For a deeper shoulder stretch, you can “thread the needle” by taking one arm and crossing it in front of your chest and under your opposite arm. Then repeat on the other side. 

Shoulder Rolls

Shoulder rolls are simple yet effective for shoulder pain. Make slow circles with your shoulders, pulling them up towards your ears and back down to stretch the shoulder blades. Remember to reverse direction occasionally. 

When to Seek Professional Help

If you’ve exhausted all your at-home pain relief options and are still feeling shoulder pain, it may be time to consider visiting a doctor or physical therapist. 

Symptoms that warrant particular concern include:

  • Pain that migrates to other parts of the body
  • Pain that’s lasted longer than two weeks
  • Development of a fever

If you experience any of these symptoms, you should make an appointment with a doctor right away. They can help identify the root cause of your pain and suggest treatments that will offer you relief. 

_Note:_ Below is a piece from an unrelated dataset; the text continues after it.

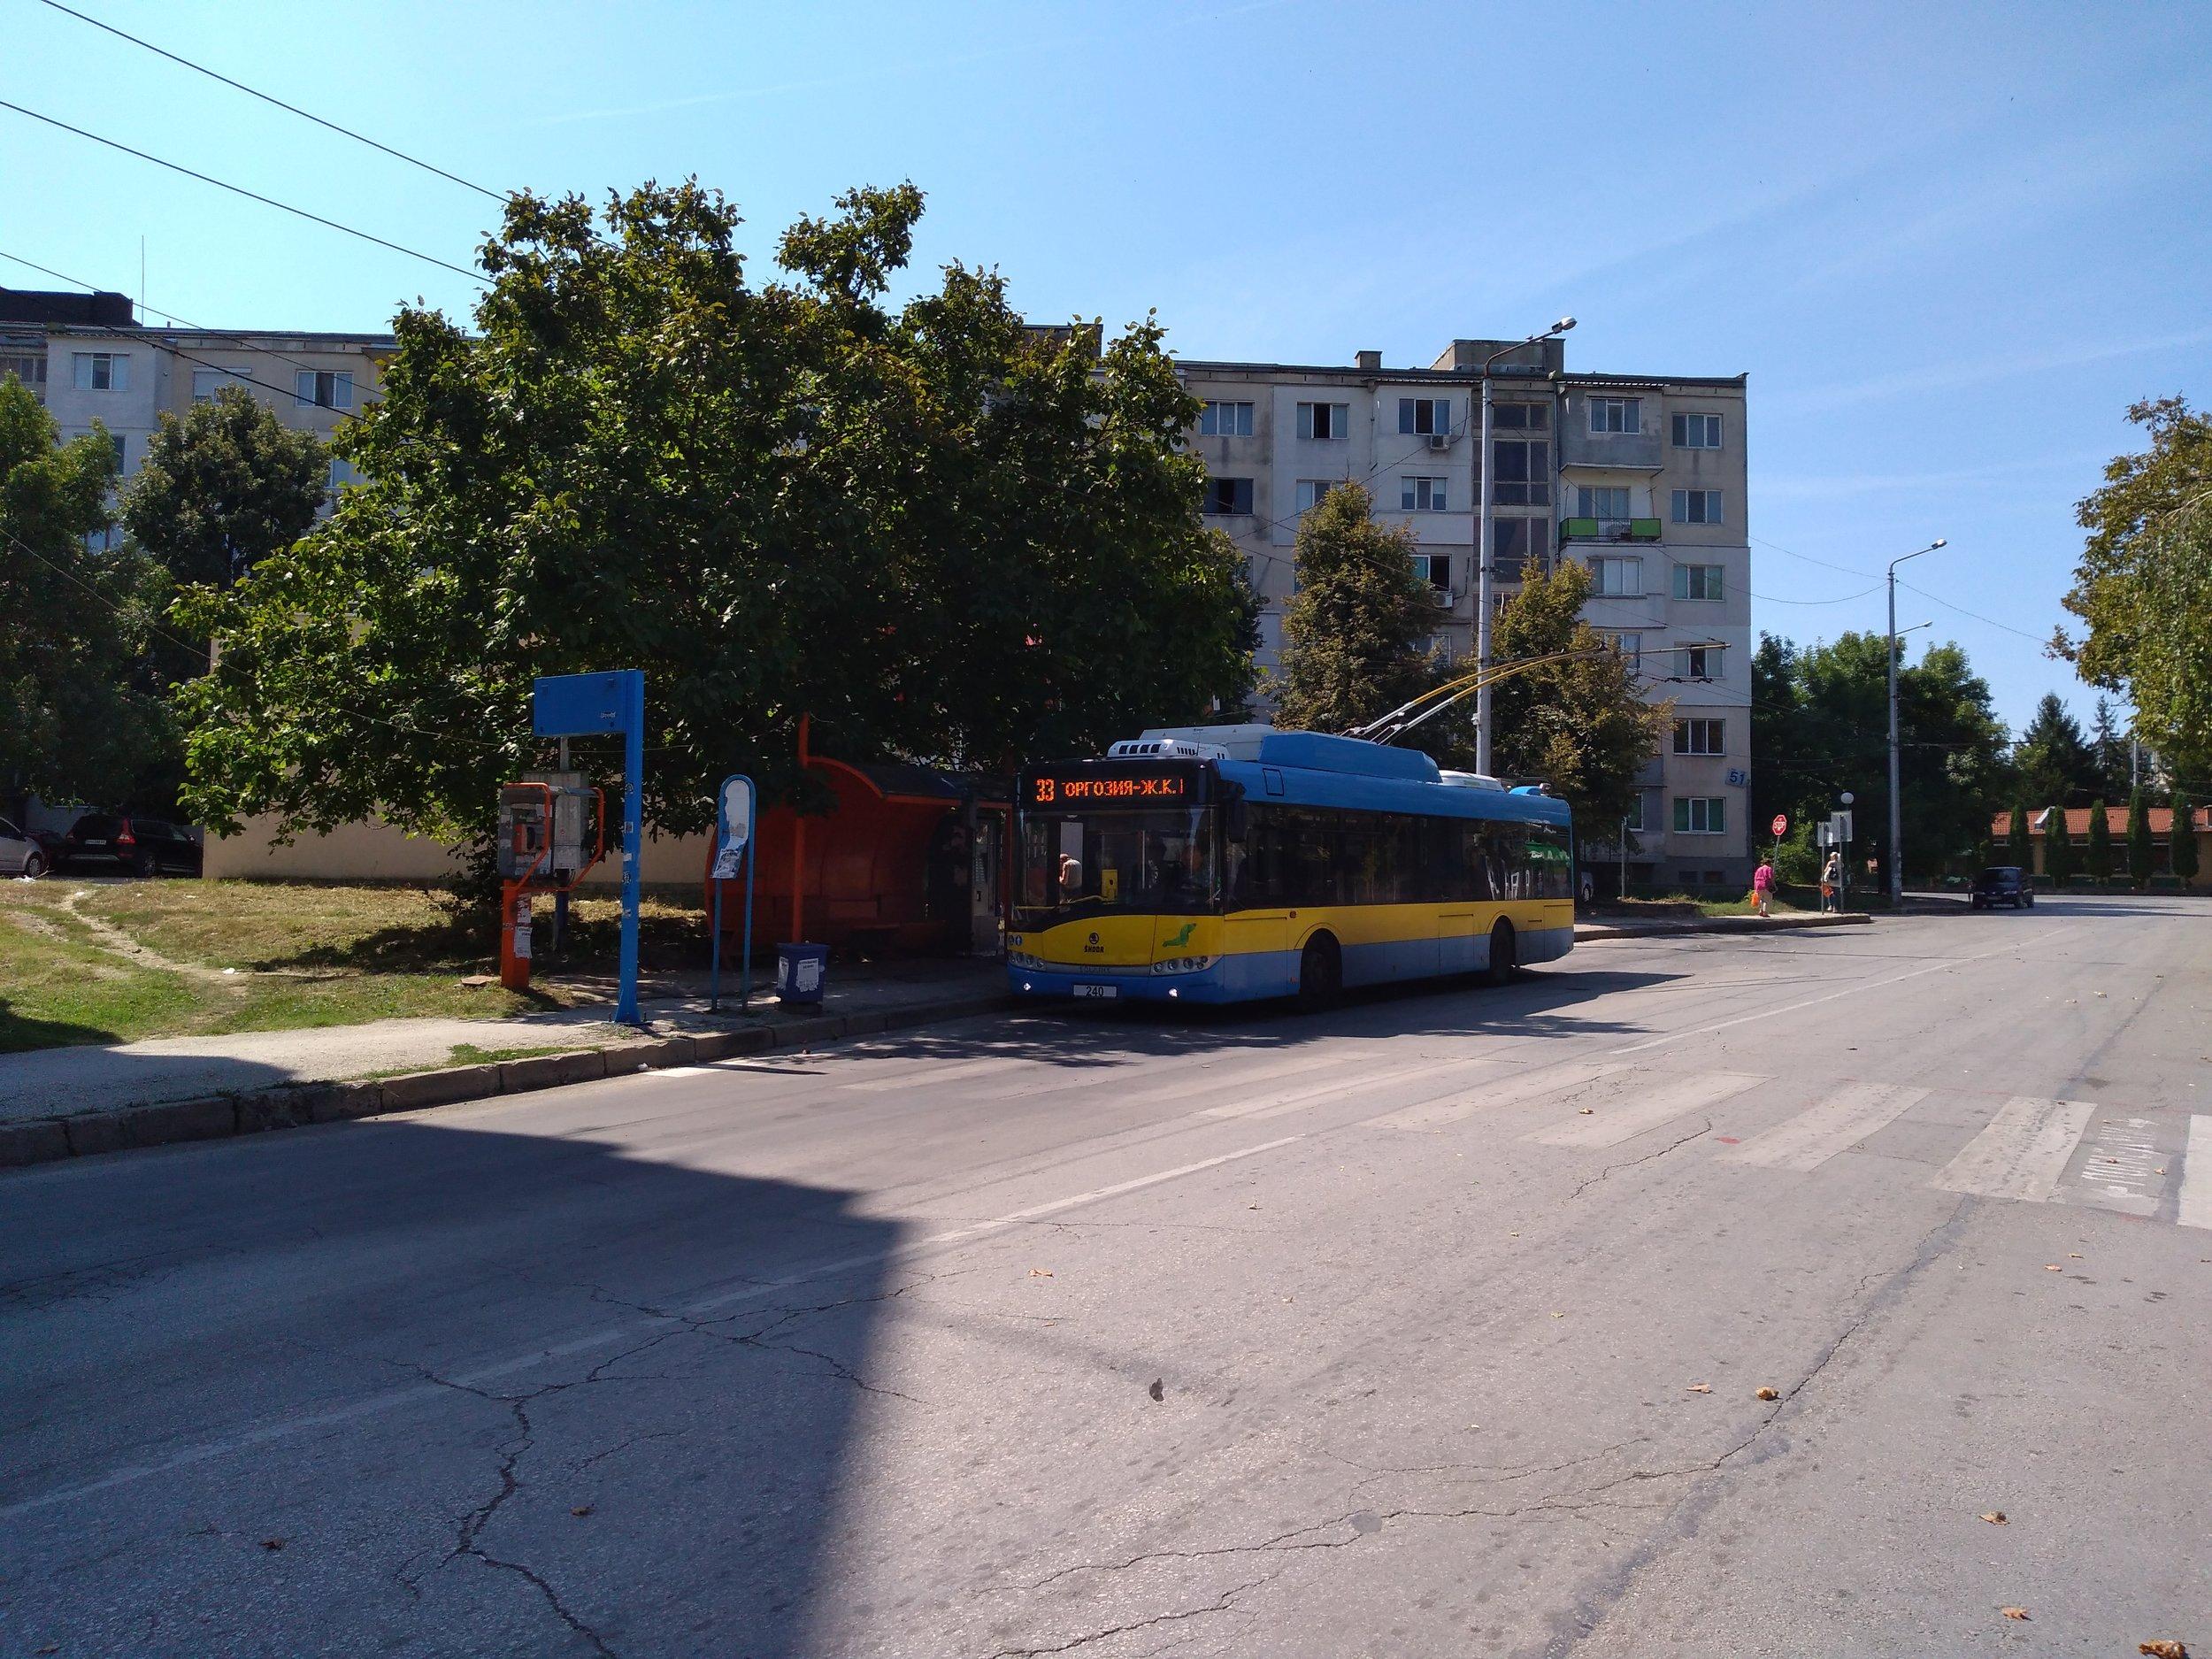 Zastávka x. l. Storgozija na jednostopé trati v severozápadním sektoru města. Trolejbusy oficiálně končí o několik zastávek dříve, nicméně odpočinek si dopřávají obvykle až zde.
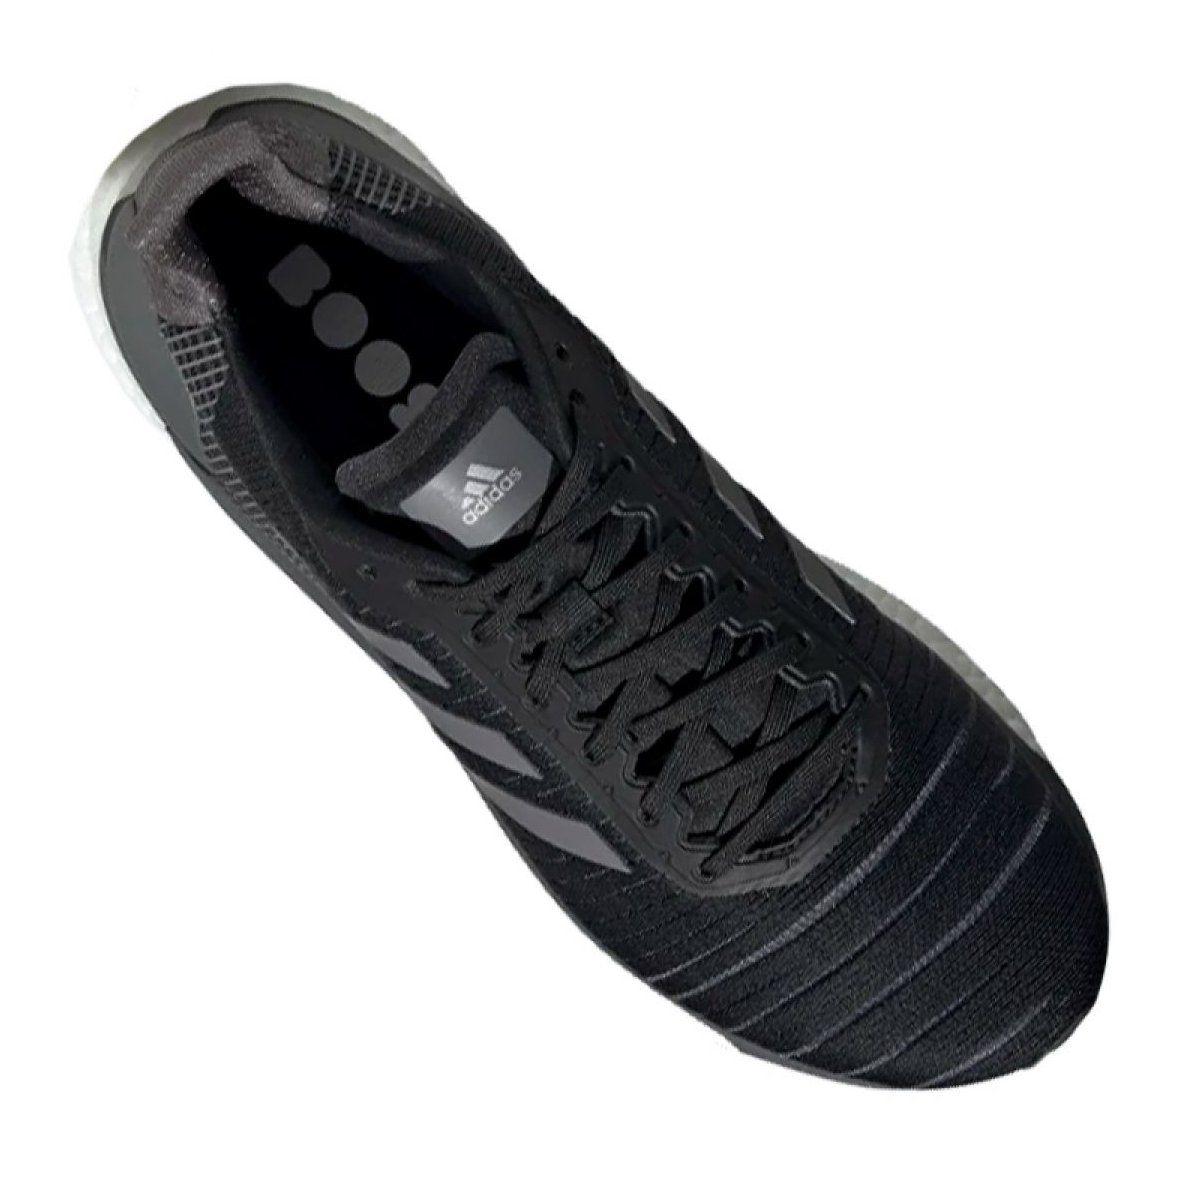 Buty adidas Solar Glide 19 M G28463 czarne | Buty adidas

The Role of Physical Therapy in Alleviating Shoulder Pain

Physical therapy is a very effective tool for treating shoulder pain. If the stretches described above weren’t enough to soothe your hurting shoulder, a physical therapist can evaluate the specific nature of your pain and create a unique regiment of exercises, massages, and stretches just for you. 

Explore Casper Sleep Products for Pain-Free Nights

Now that you’re equipped with several effective solutions to shoulder pain from sleeping on side, you can start finding the relief you need today. If you’re ready to invest in a new bed pillow, bed sheets, or mattress, trust Casper for options that have your needs in mind. 

Casper is dedicated to creating sleep products that work. We rigorously test the quality of our mattresses and pillows to ensure that you get the good night’s sleep you deserve.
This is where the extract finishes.